Now comes the delicate dance. Ohtani will join Japan for the upcoming World Baseball Classic as a hitter only, compressing his buildup into a tight international window. Travel, tournament intensity, practice-field limitations — all threaten rhythm. The Dodgers, cautious by nature, have no intention of rushing him. With young, optionable arms such as Emmet Sheehan and River Ryan providing depth, they can space out Ohtani’s starts, perhaps limiting him to 25 or fewer. Opportunity alone could dent Cy Young math.
And yet, inside that clubhouse, doubt feels misplaced. The Dodgers believe competition will sharpen him further. Yoshinobu Yamamoto, fresh off a third-place Cy Young finish, looms as both ally and rival. Snell brings two Cy Young trophies of his own. The rotation culture, Prior says, breeds accountability — no weak links allowed.
Ohtani thrives in that crucible.
“He keeps getting put in these spots where you expect something incredible,” third baseman Max Muncy said. “He rarely disappoints.”
The expectations are astronomical again.

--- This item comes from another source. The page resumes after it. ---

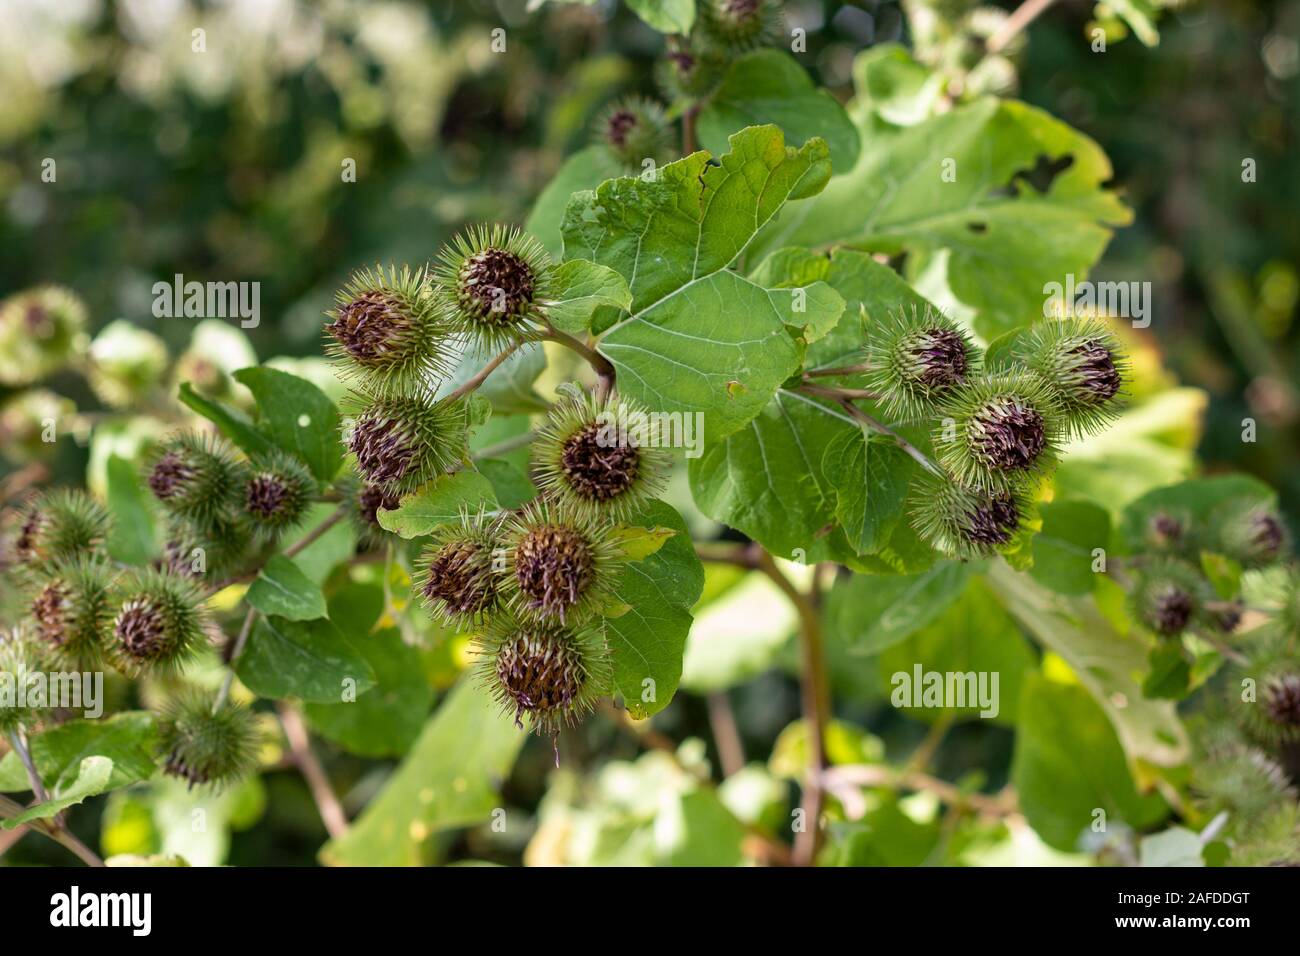 Wild velcro plant in detail Stock Photo - Alamy

A 98-mph fastball. Six weapons. A sharpened edge. A singular mission. From 50/50 mythology to the last untouched summit on his personal mountain, Ohtani is not simply returning to the mound. He is hunting. And if history is any guide, the league should brace itself — because when Shohei Ohtani decides something is possible, baseball’s definition of possible tends to change.